Stored items from a collection:

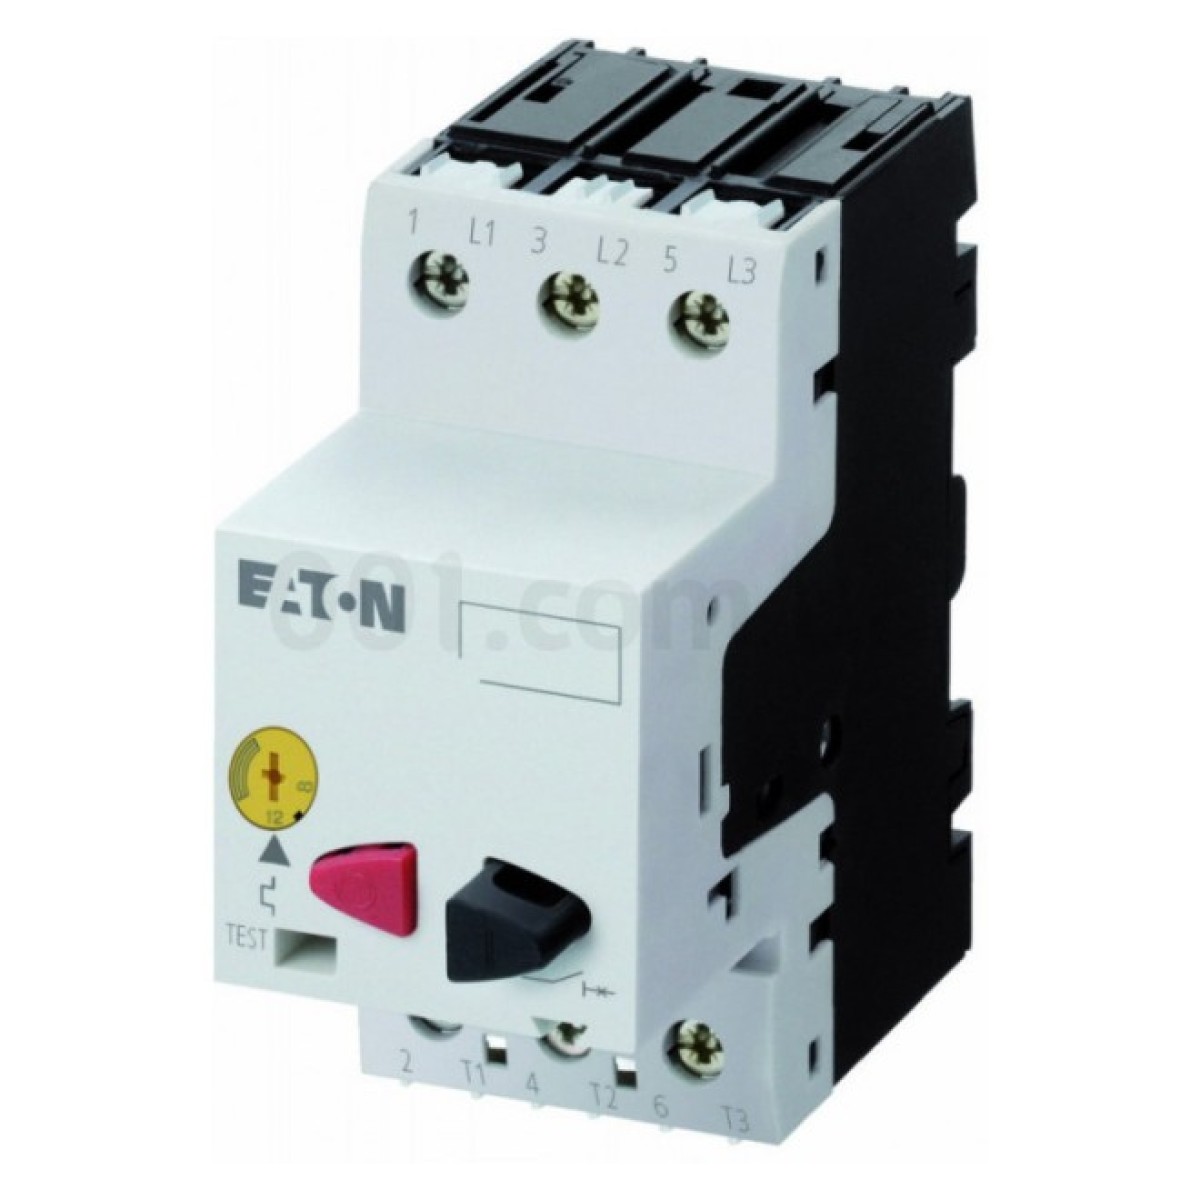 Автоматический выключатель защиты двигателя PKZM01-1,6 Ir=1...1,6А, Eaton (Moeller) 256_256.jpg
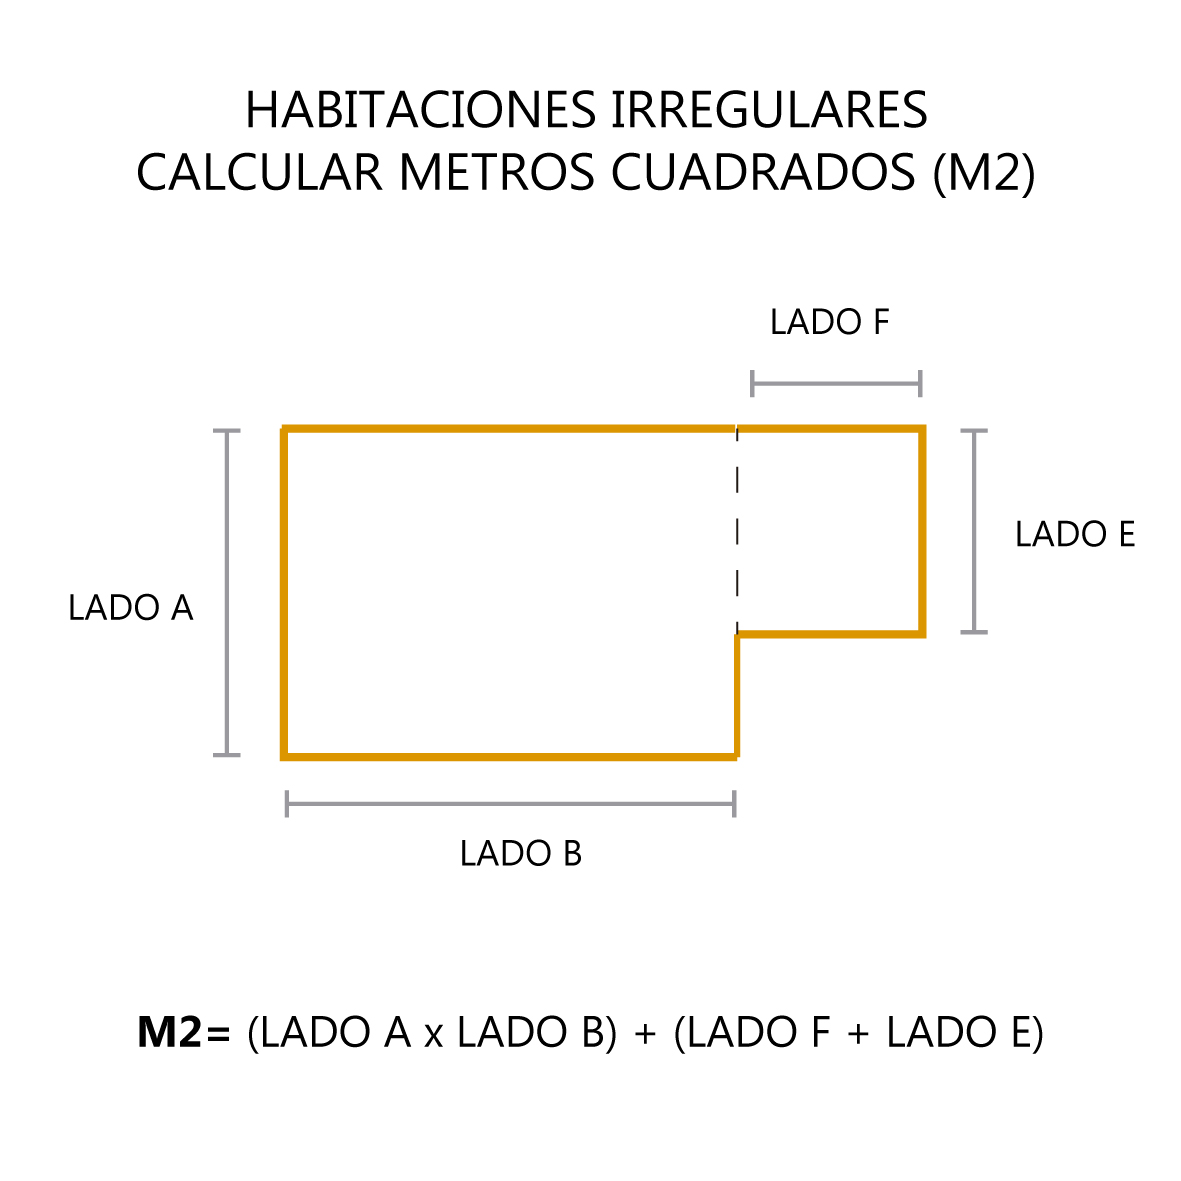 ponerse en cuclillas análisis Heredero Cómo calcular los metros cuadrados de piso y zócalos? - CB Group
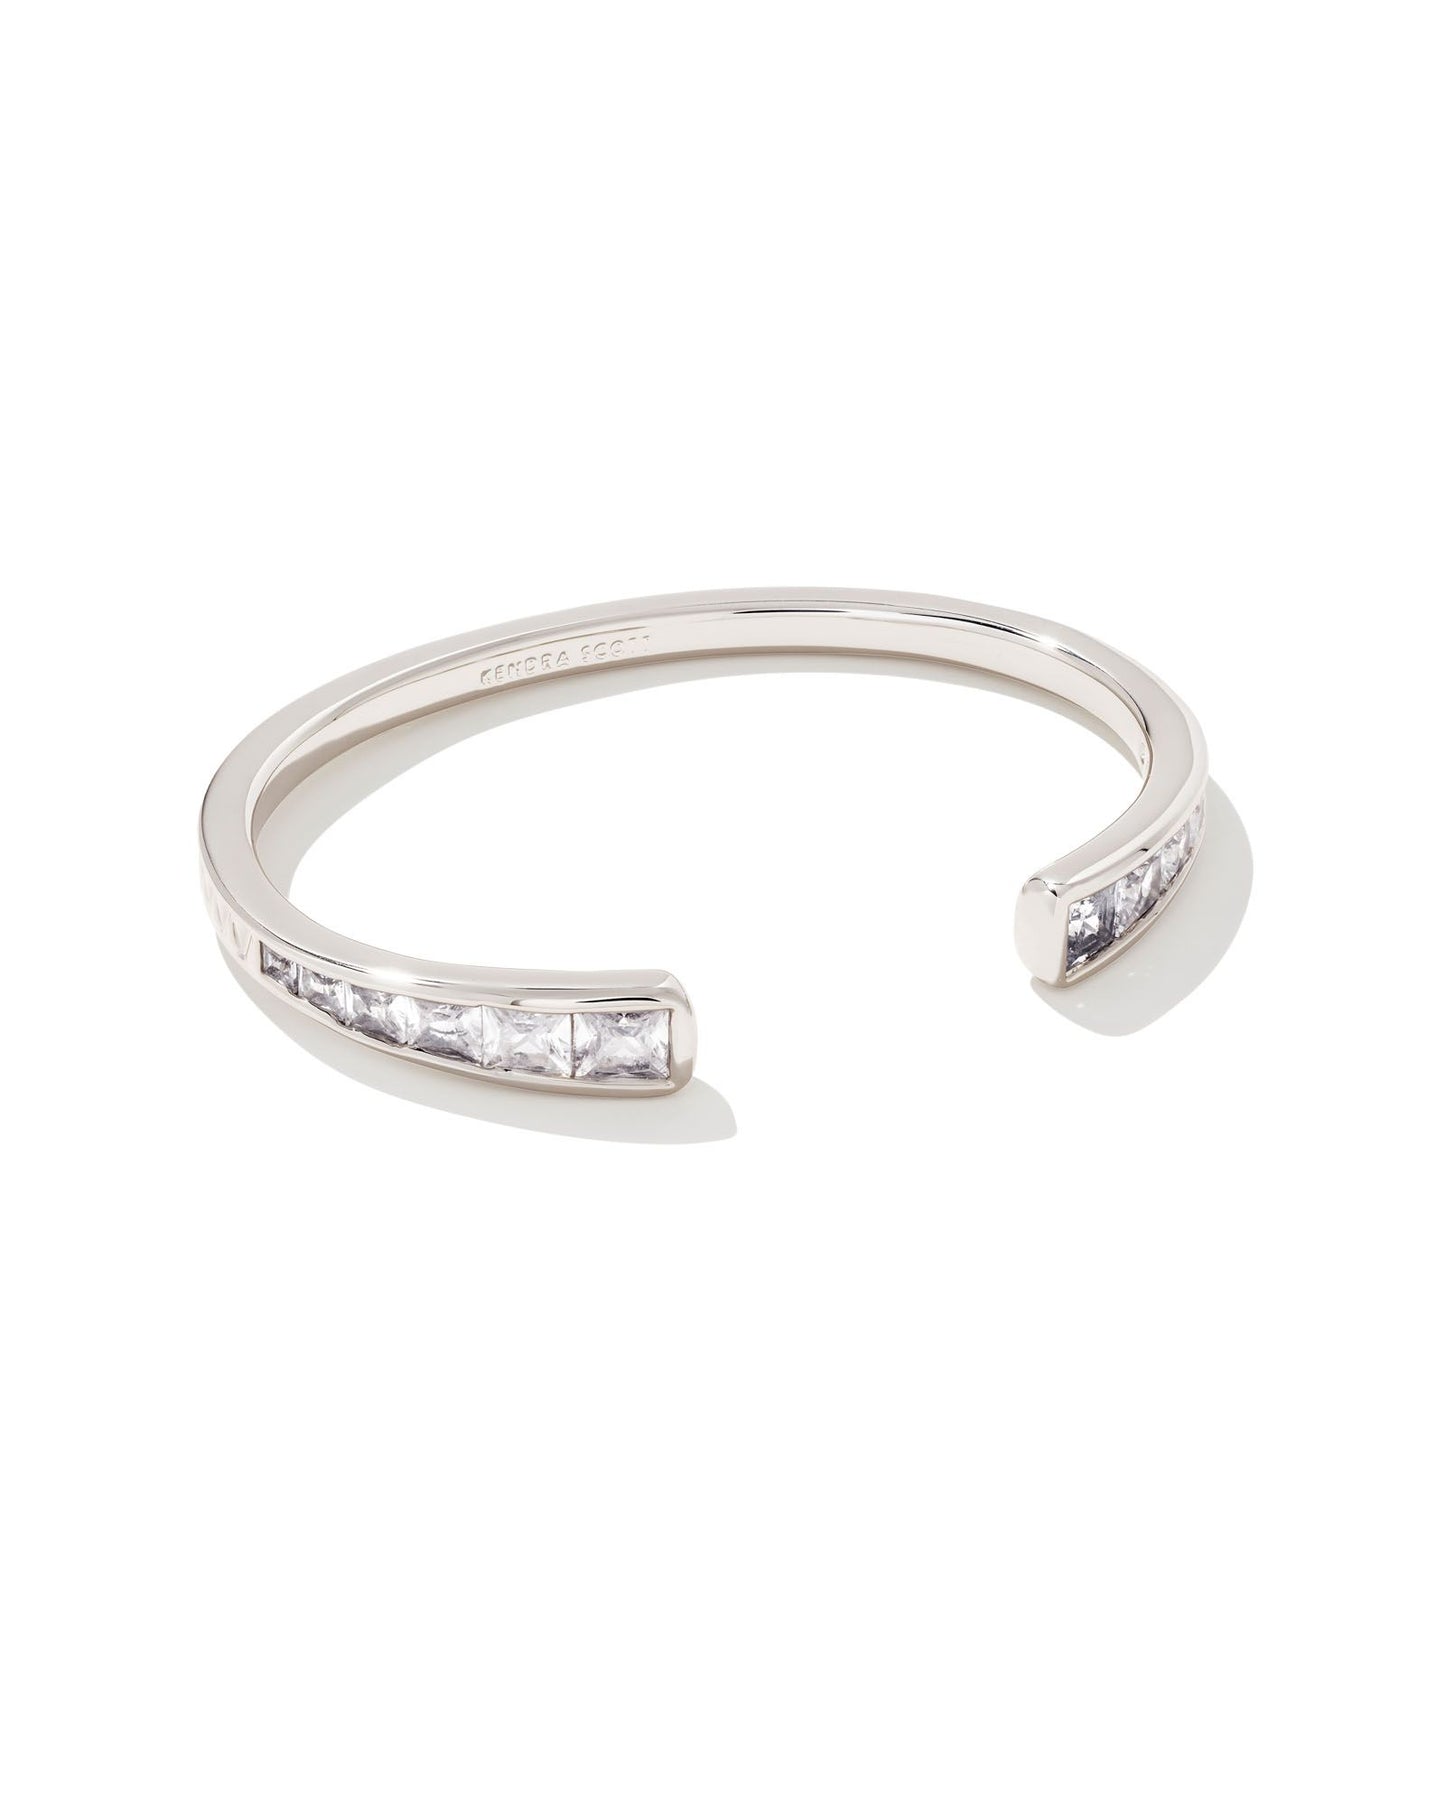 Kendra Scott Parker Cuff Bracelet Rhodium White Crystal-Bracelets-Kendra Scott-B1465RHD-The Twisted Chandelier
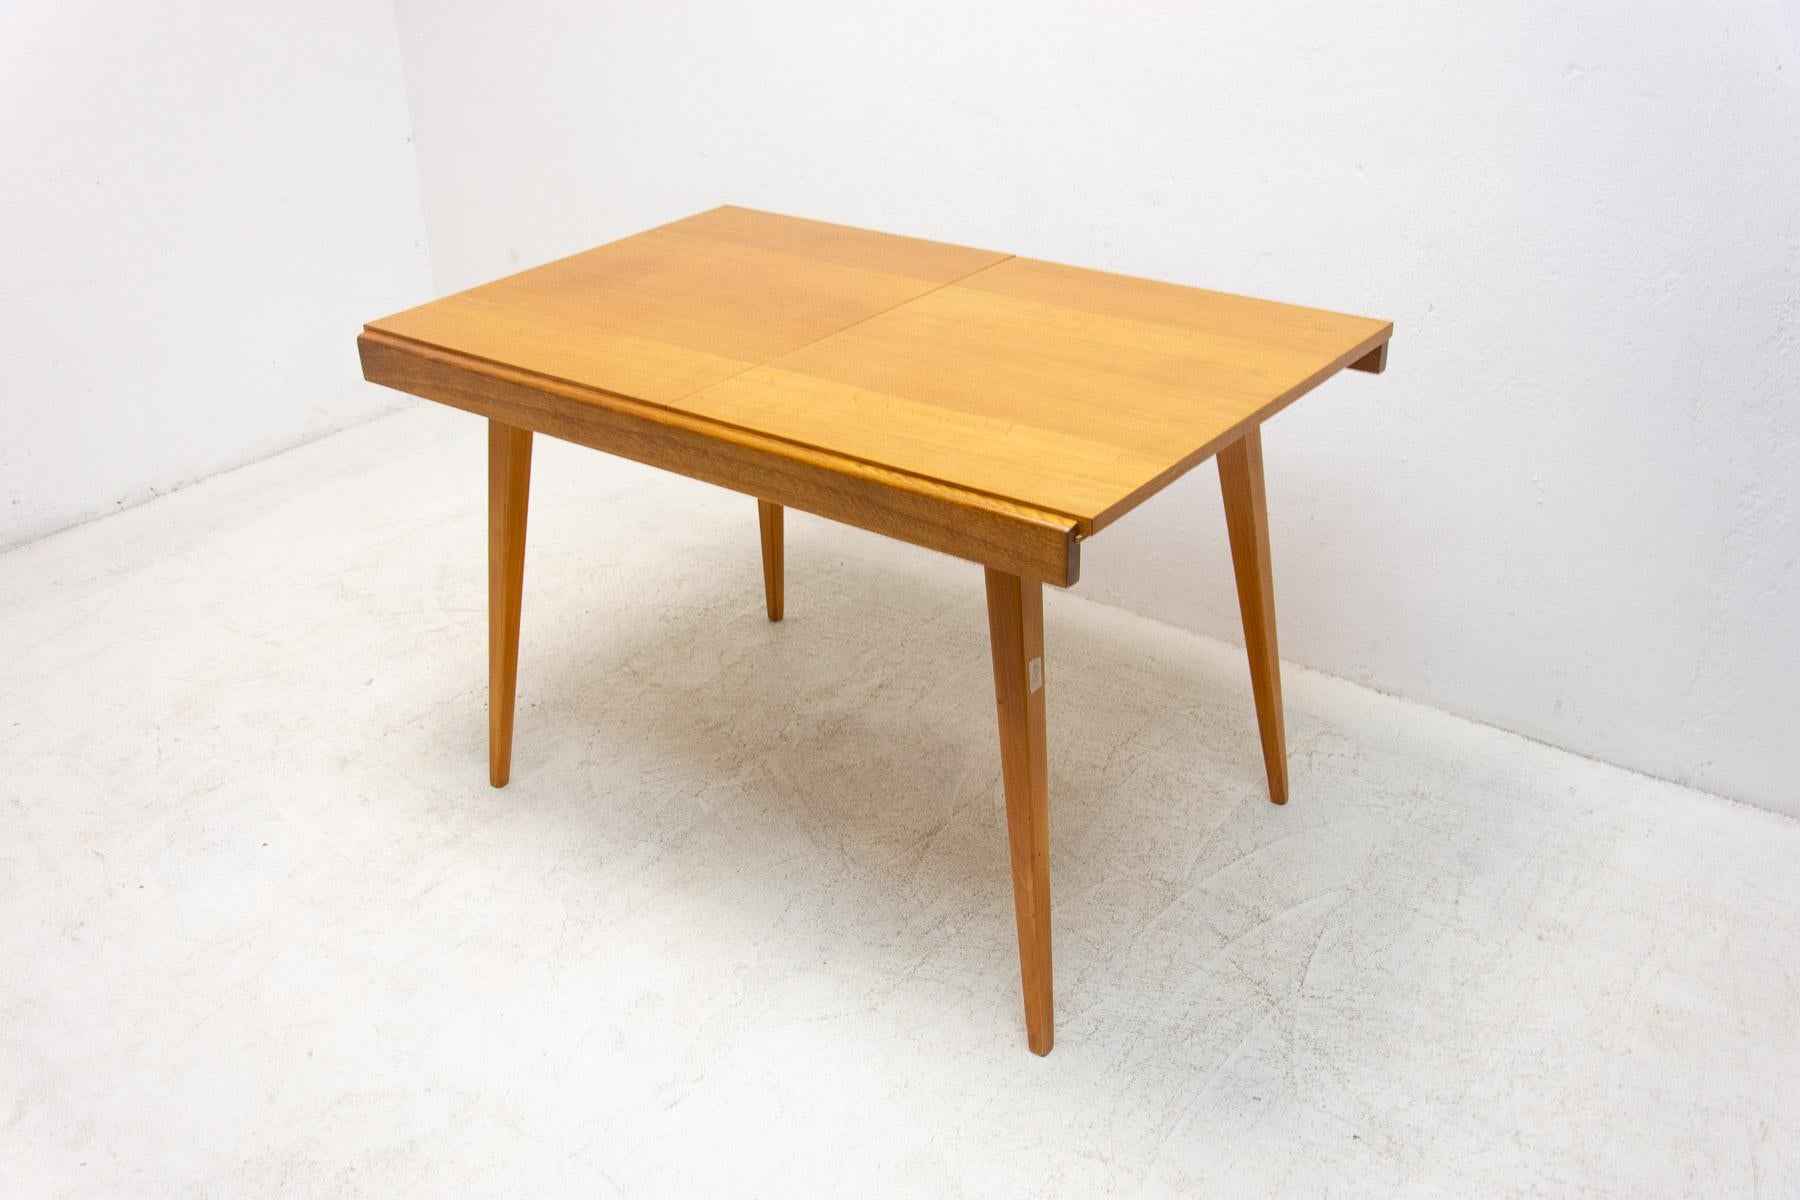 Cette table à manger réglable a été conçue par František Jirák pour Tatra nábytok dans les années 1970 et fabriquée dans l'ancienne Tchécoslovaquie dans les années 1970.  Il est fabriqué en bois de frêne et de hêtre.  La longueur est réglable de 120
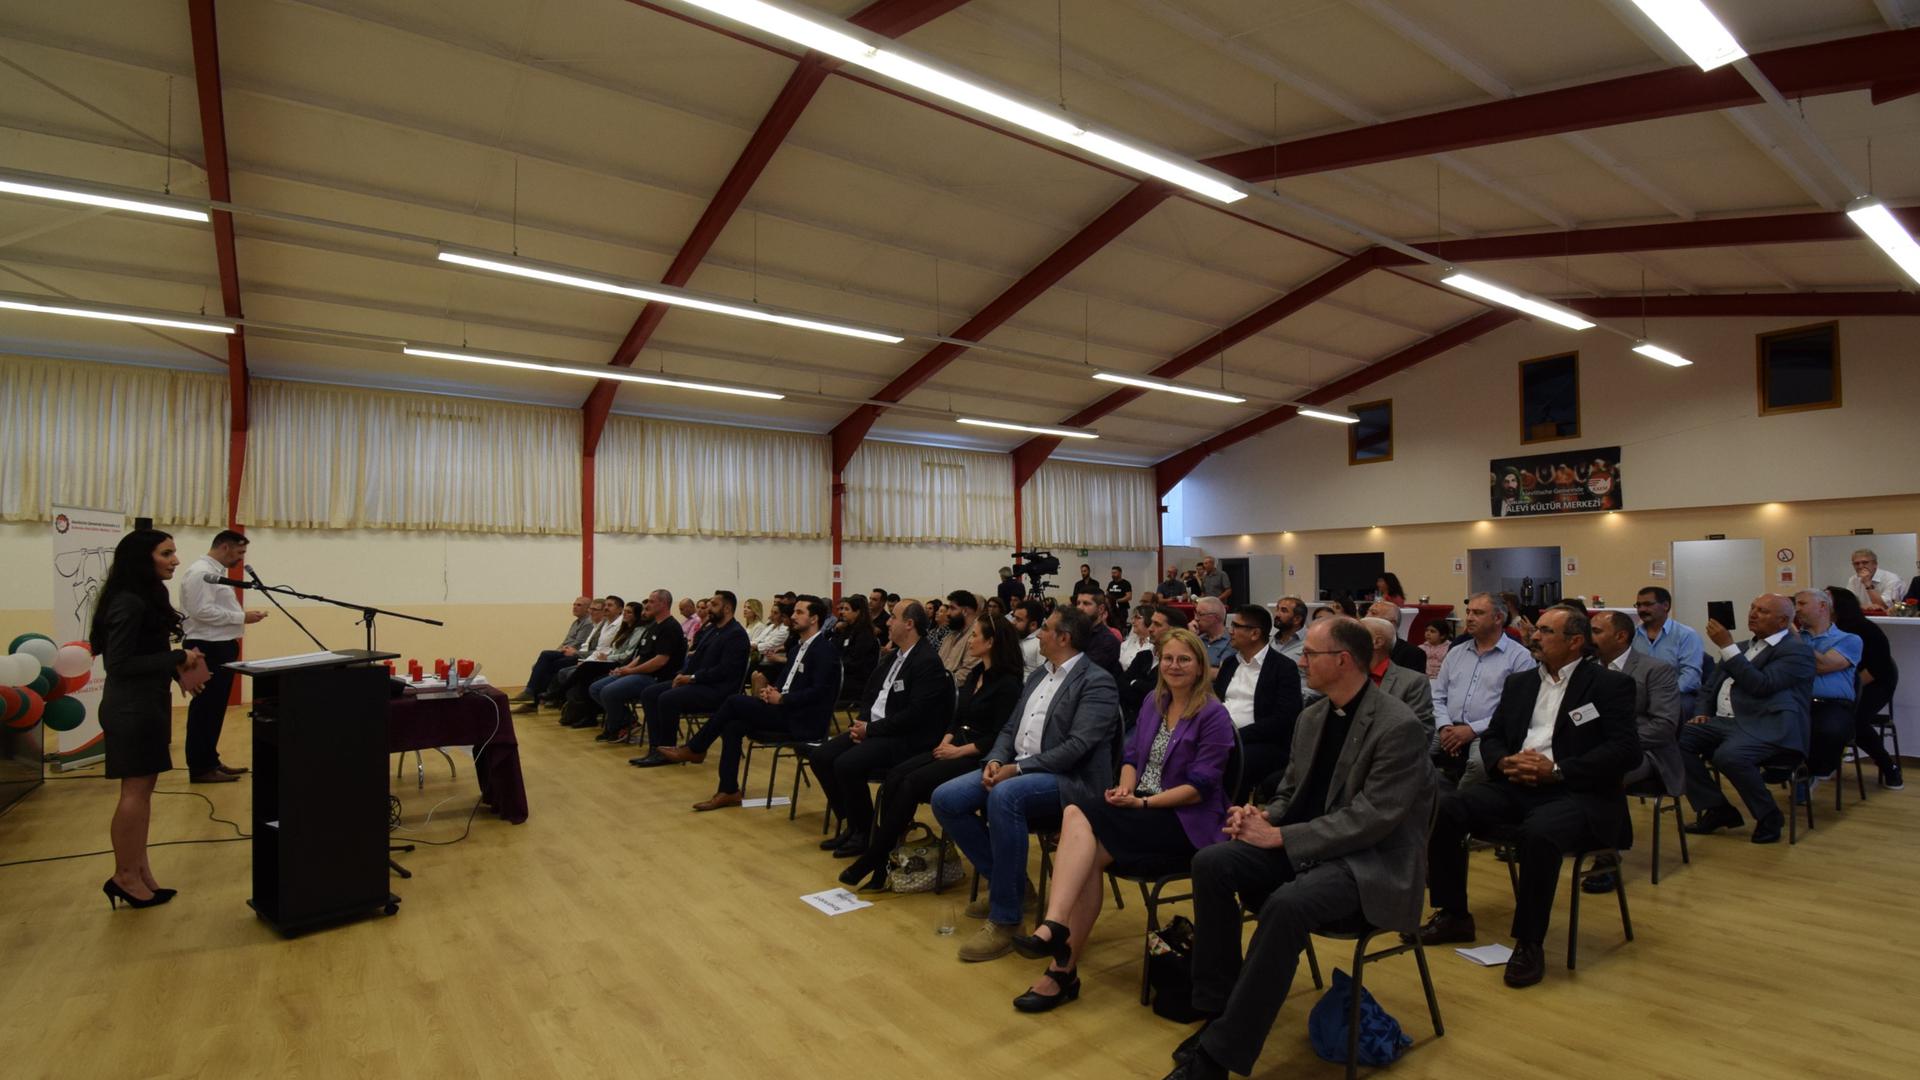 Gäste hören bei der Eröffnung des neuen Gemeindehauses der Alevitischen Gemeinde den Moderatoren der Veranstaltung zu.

PROBLEM:
Copy the lines exactly as they appear from the opening of the entries above through the line with "Kendra Scott Parker", excluding all pictures.

EXERCISE RESPONSE:
 Автоматический выключатель защиты двигателя PKZM01-1,6 Ir=1...1,6А, Eaton (Moeller) 256_256.jpg
 ponerse en cuclillas análisis Heredero Cómo calcular los metros cuadrados de piso y zócalos? - CB Group
 Kendra Scott Parker Cuff Bracelet Rhodium White Crystal-Bracelets-Kendra Scott-B1465RHD-The Twisted Chandelier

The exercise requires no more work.